Astronomy and Astrophysics – Astrophysics
Scientific paper
2001-07-28
Astronomy and Astrophysics
Astrophysics
Submitted to The Astrophysical Journal (Letters), 14 pages, 4 figures, LaTeX
Scientific paper
The distances to which the optical flash destroys dust via sublimation, and the burst and afterglow change the size distribution of the dust via fragmentation, are functions of grain size. Furthermore, the sublimation distance is a decreasing function of grain size, while the fragmentation distance is a decreasing function of grain size for large grains and an increasing function of grain size for small grains. We investigate how these very different, but somewhat complementary, processes change the optical depth of the circumburst medium. To this end, we adopt a canonical distribution of graphite and silicate grain sizes, and a simple fragmentation model, and we compute the post-burst/optical flash/afterglow optical depth of a circumburst cloud of constant density n and size R as a function of burst and afterglow isotropic-equivalent X-ray energy E and spectral index alpha, and optical flash isotropic-equivalent peak luminosity L: This improves upon previous analyses that consider circumburst dust of a uniform grain size.
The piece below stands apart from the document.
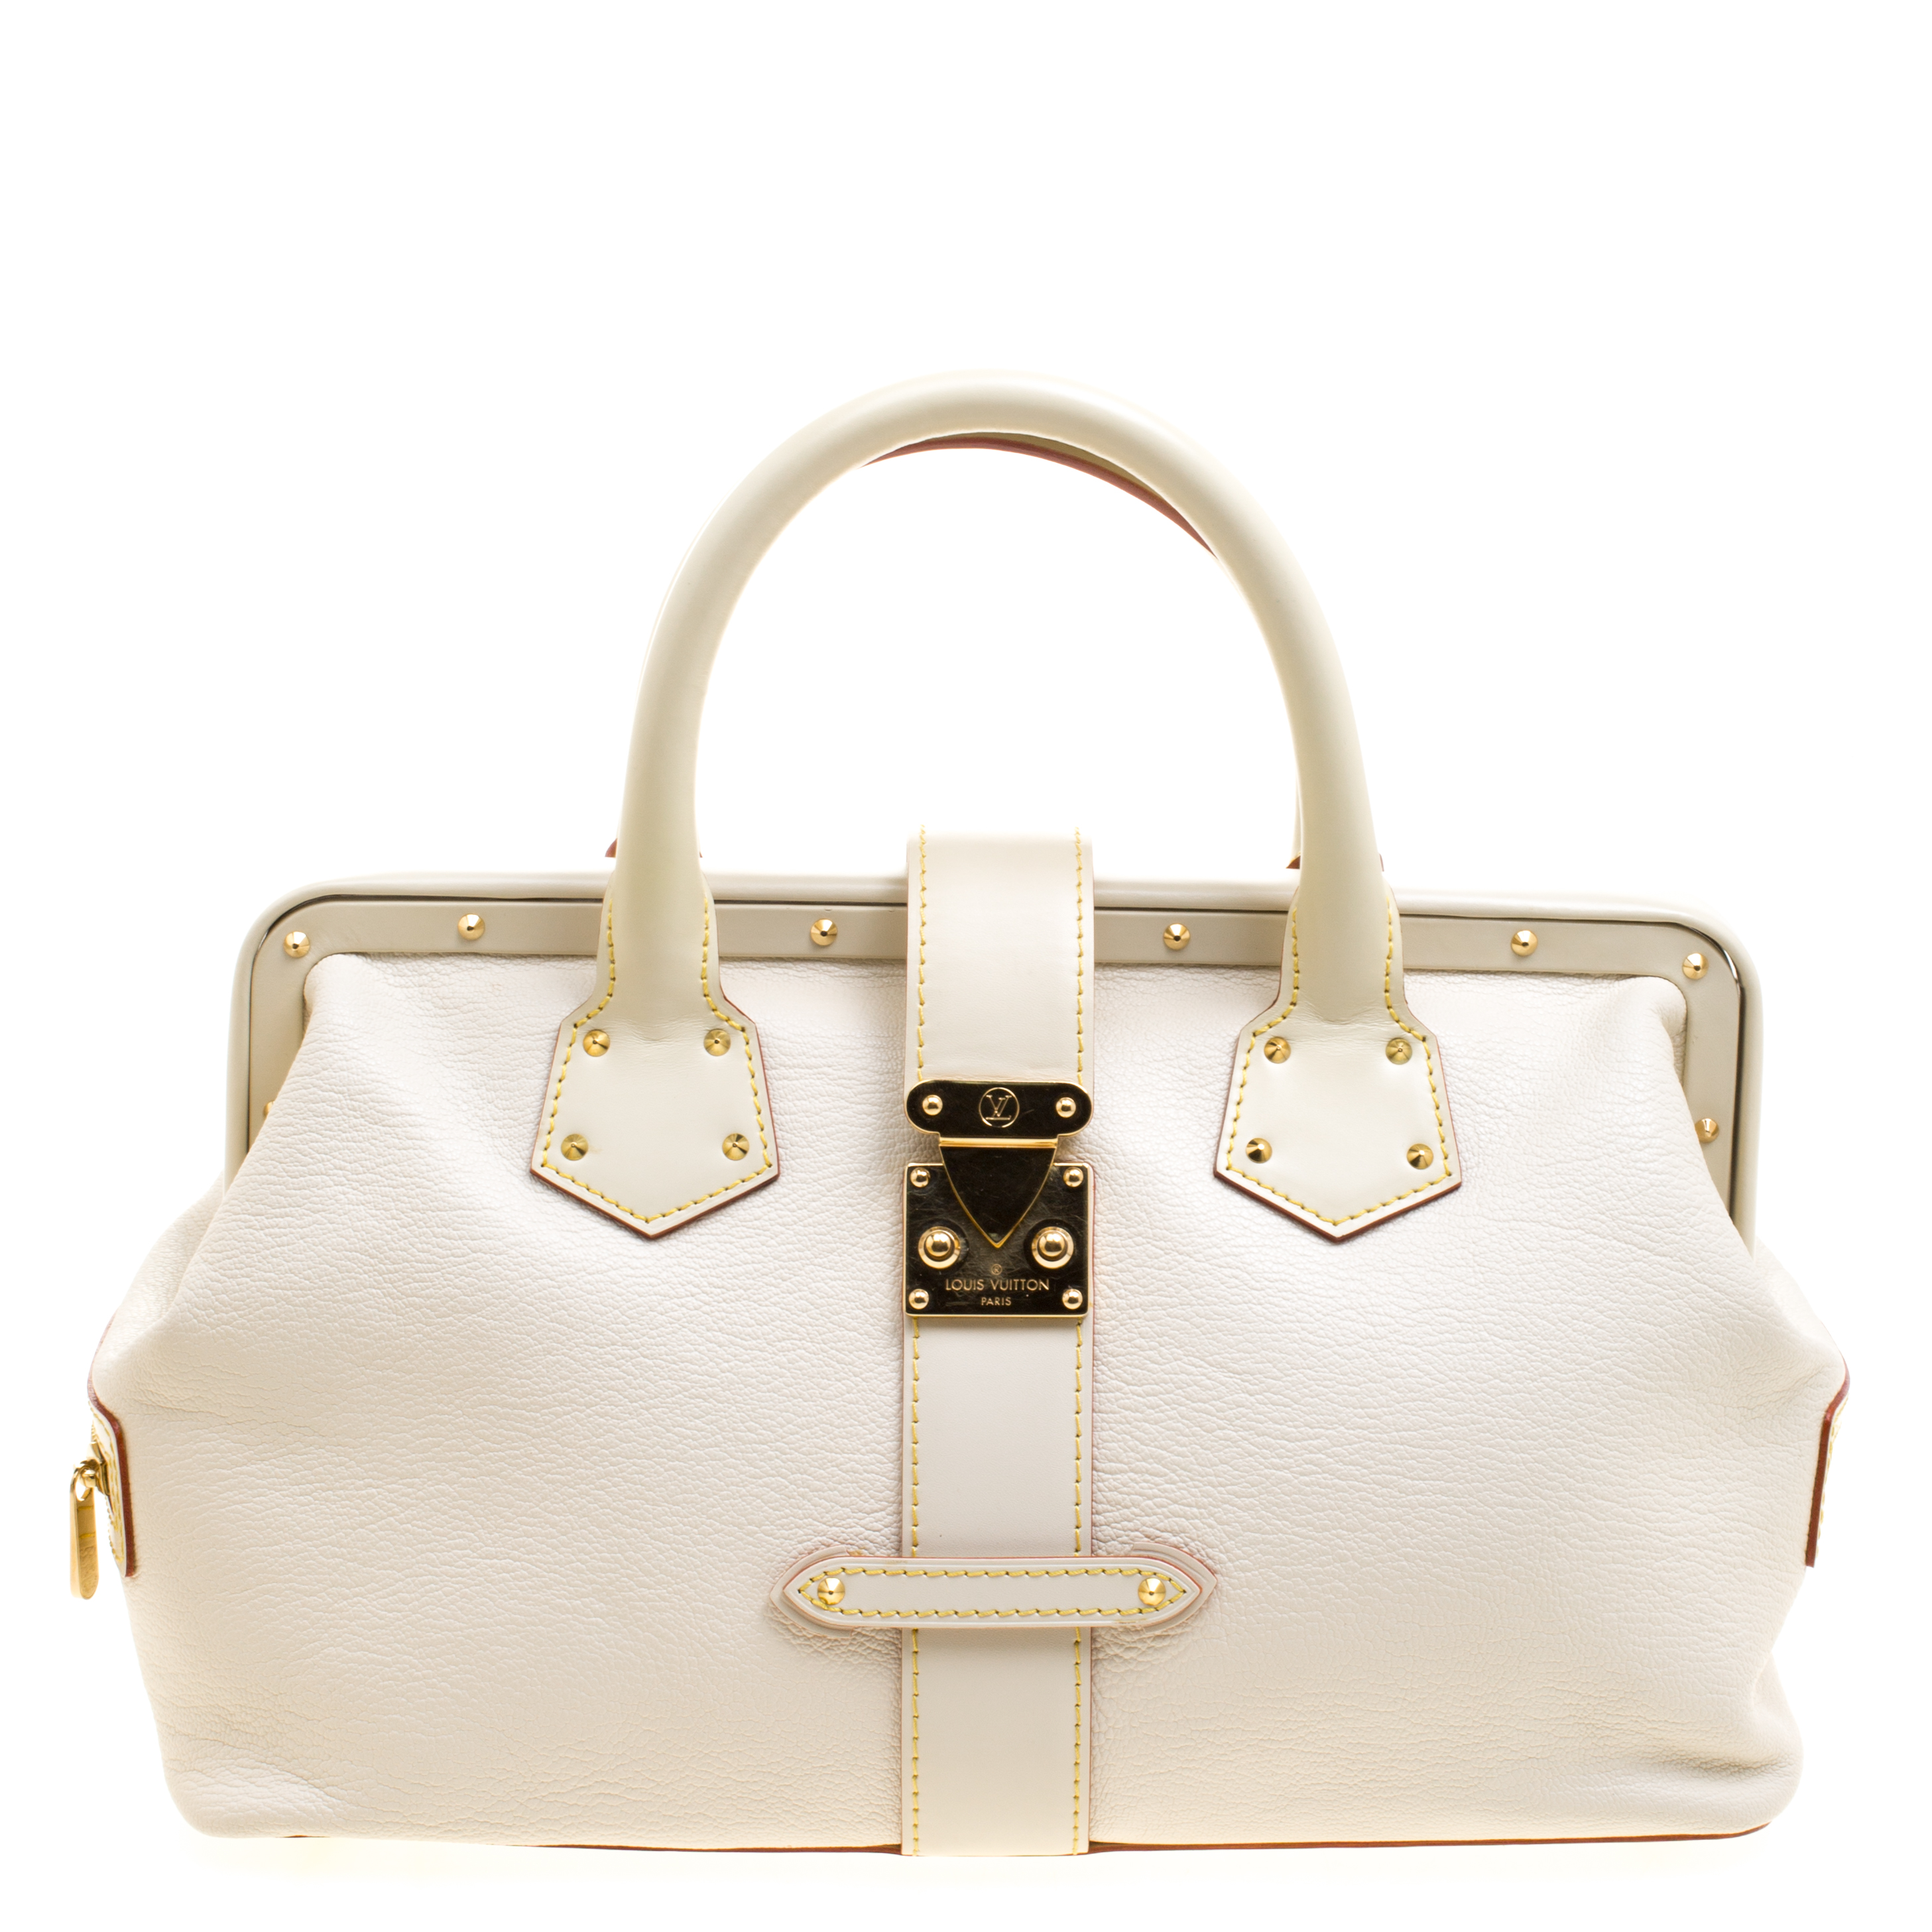 a9107ea687 Louis Vuitton White Suhali Leather L'Ingenieux PM Bag

We find that circumburst clouds do not significantly extinguish (tau < 0.3) the optical afterglow if R < 10L_{49}^{1/2} pc, fairly independent of n, E, and alpha, or if N_H < 5x10^{20} cm^{-2}. On the other hand, we find that circumburst clouds do significantly extinguish (tau > 3) the optical afterglow if R > 10L_{49}^{1/2} pc and N_H > 5x10^{21} cm^{-2}, creating a so-called `dark burst'. The majority of bursts are dark, and as circumburst extinction is probably the primary cause of this, this implies that most dark bursts occur in clouds of this size and mass M > 3x10^5L_{49} M_{sun}. Clouds of this size and mass are typical of giant molecular clouds, and are active regions of star formation.